All of the data should be copied exactly, with the pictures left out.

→ Data below
######

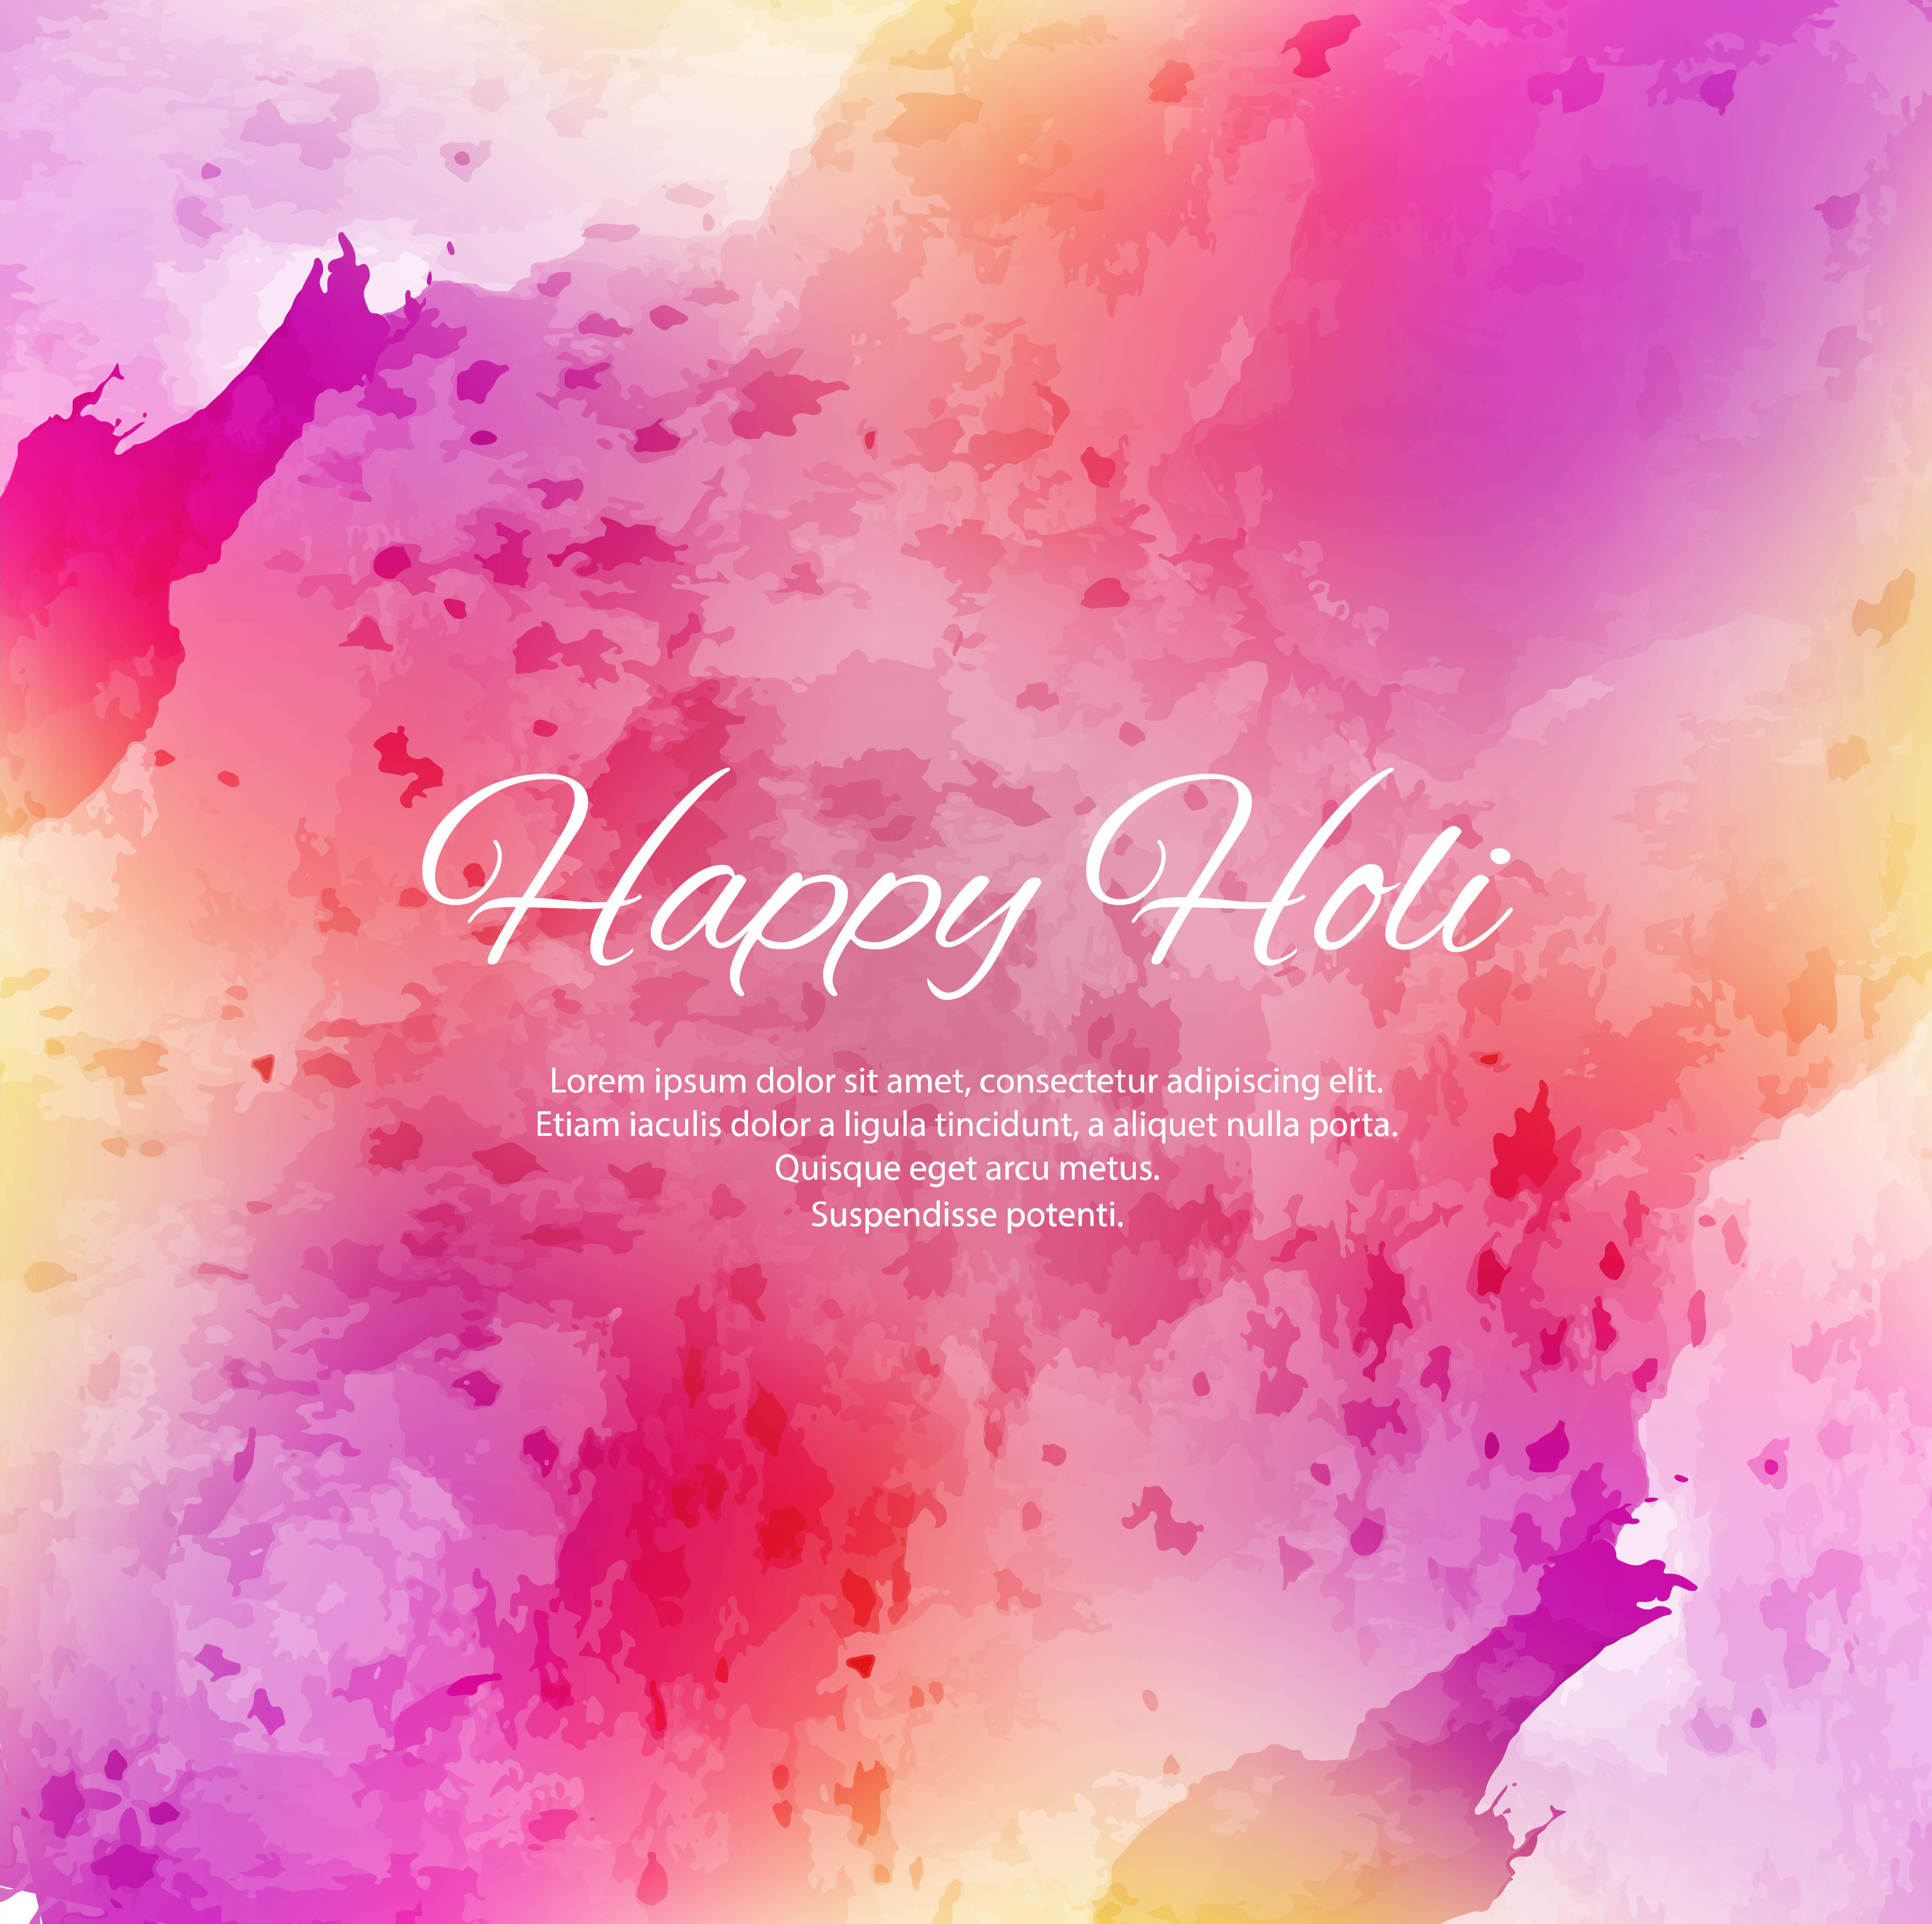 Illustration Of Abstract Colorful Happy Holi Background 244881 Vector
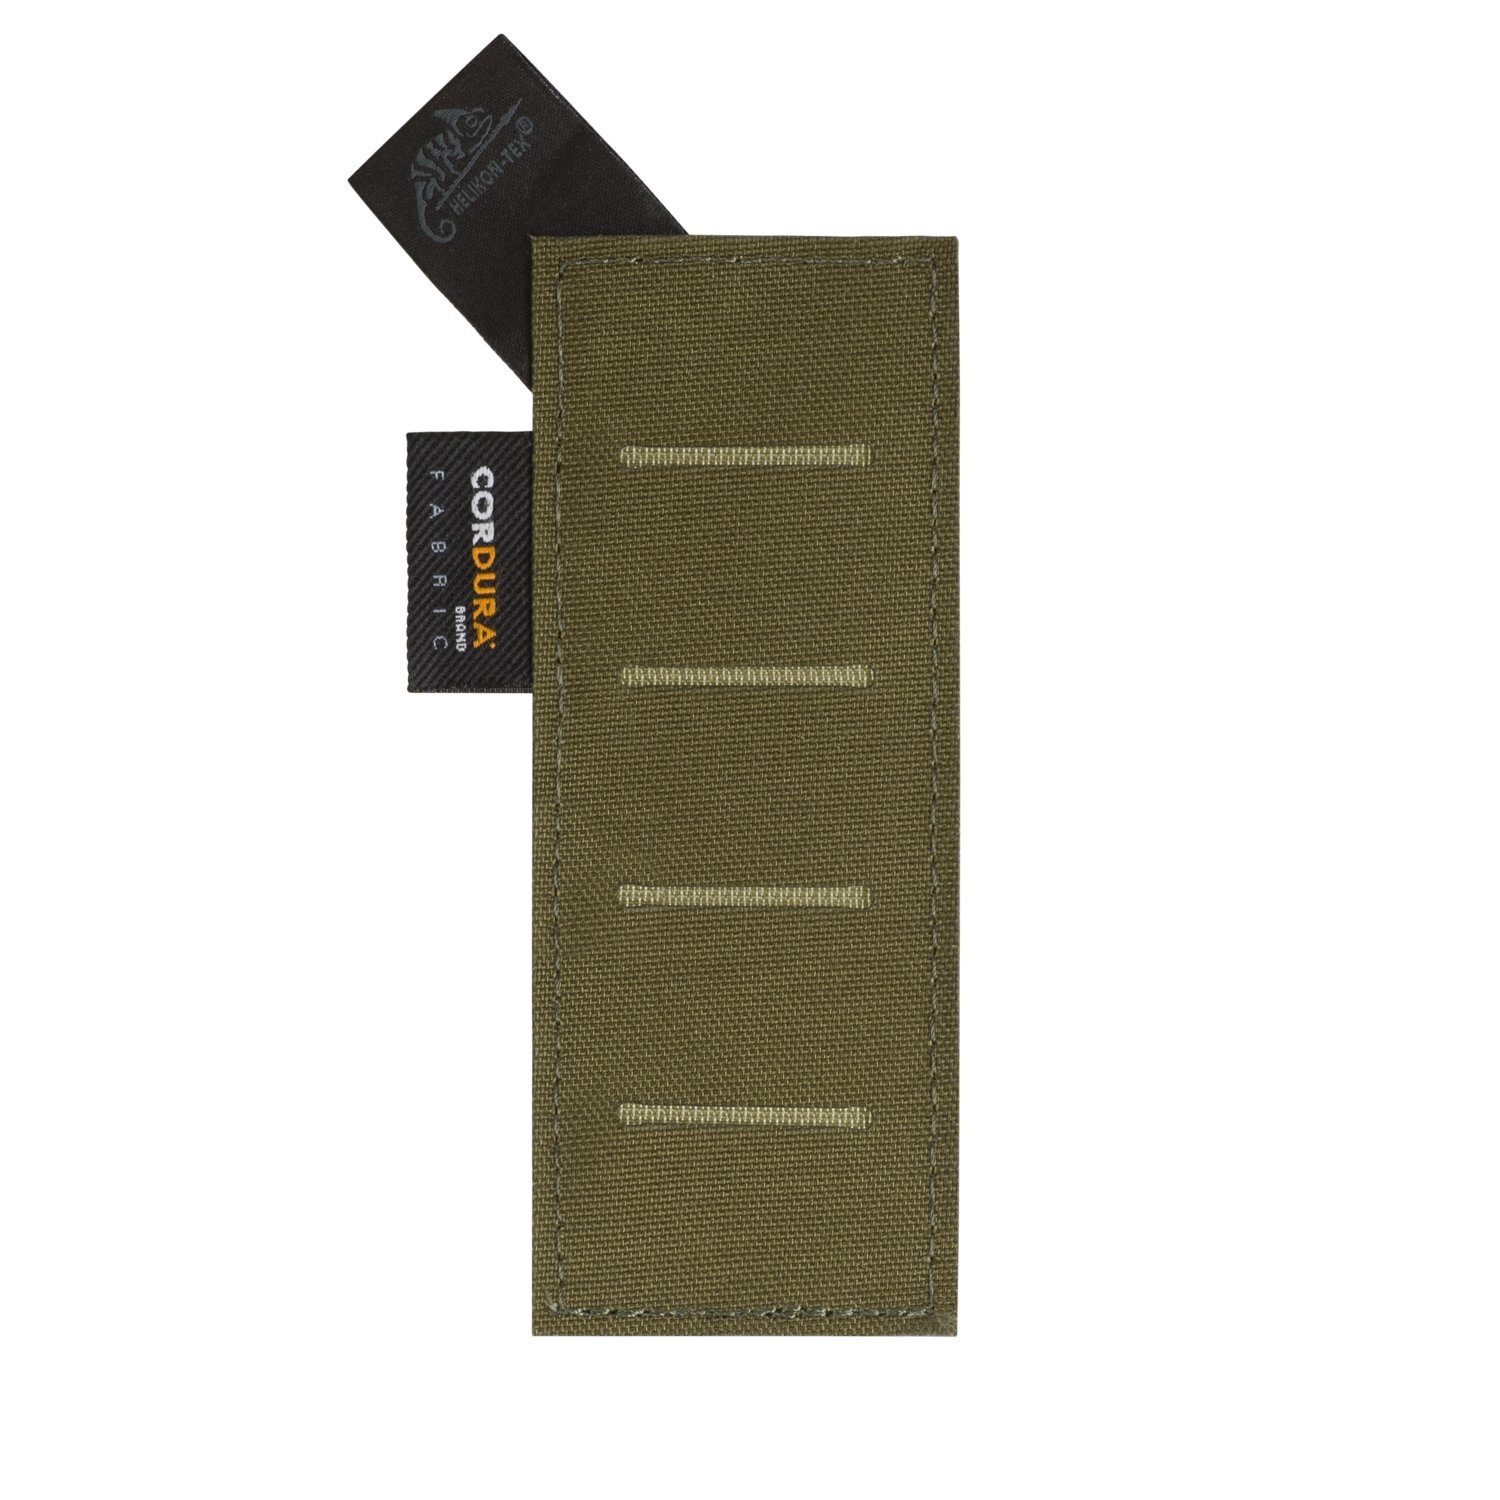 Image of Insert HELIKON MOLLE ADAPTER INSERT 1 - Cordura - Olive Green - One Size (IN-MA1-CD-02)
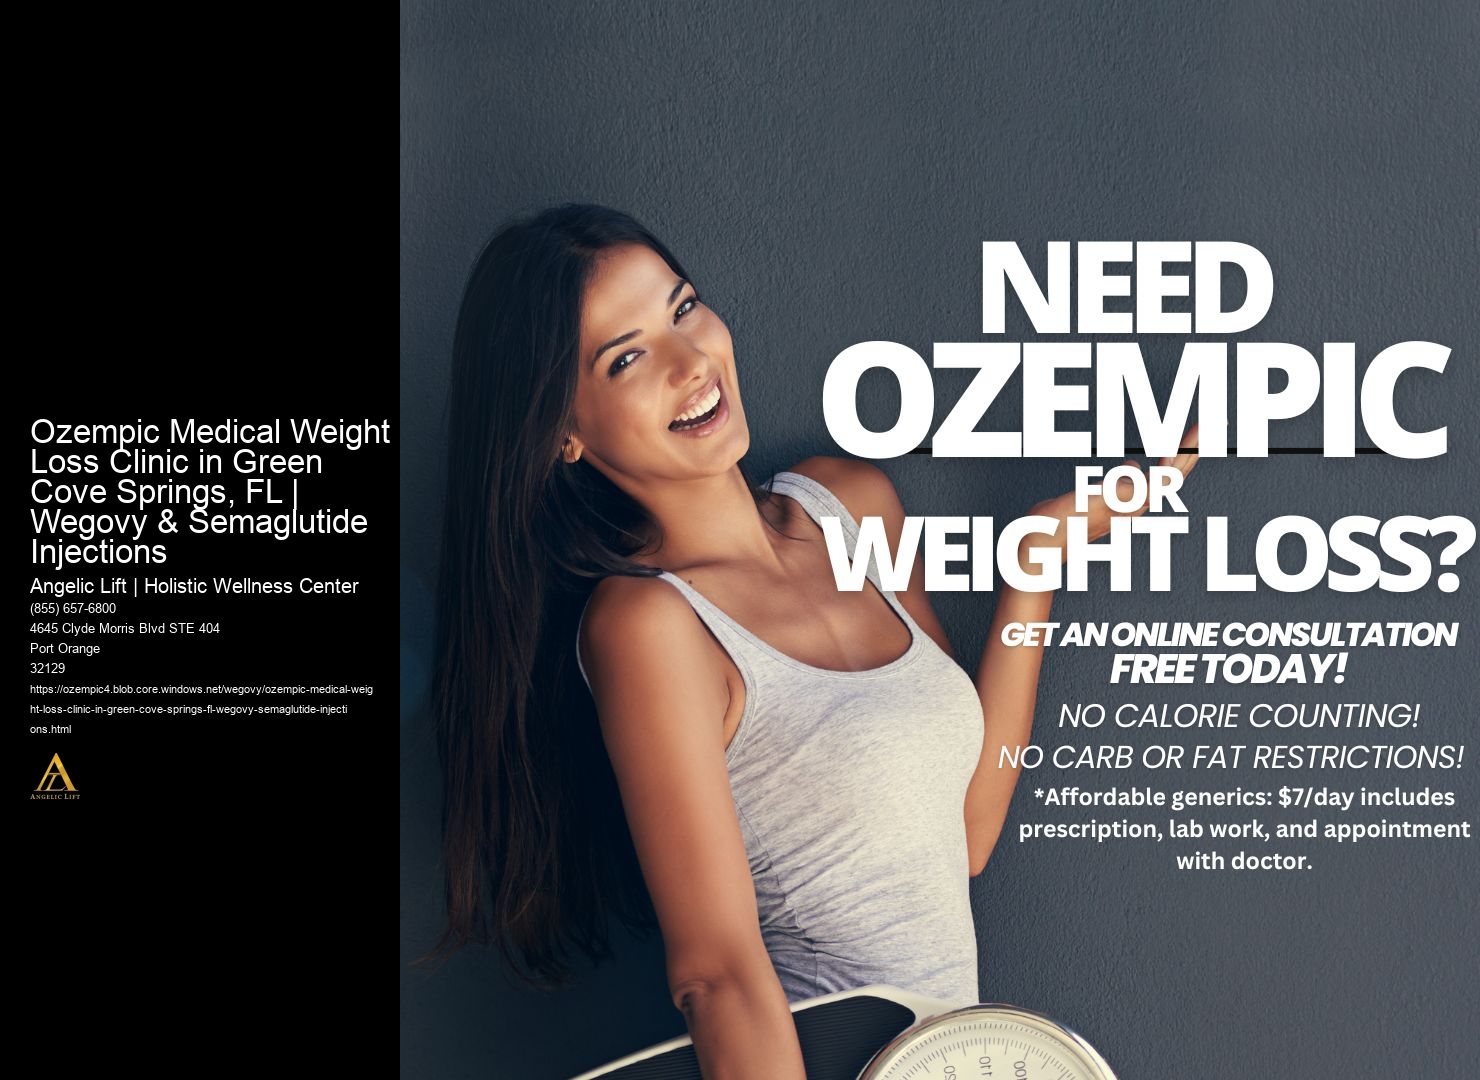 Ozempic Medical Weight Loss Clinic in Green Cove Springs, FL | Wegovy & Semaglutide Injections

######

→ Task result
 Illustration Of Abstract Colorful Happy Holi Background 244881 Vector
 Image of Insert HELIKON MOLLE ADAPTER INSERT 1 - Cordura - Olive Green - One Size (IN-MA1-CD-02)
 Ozempic Medical Weight Loss Clinic in Green Cove Springs, FL | Wegovy & Semaglutide Injections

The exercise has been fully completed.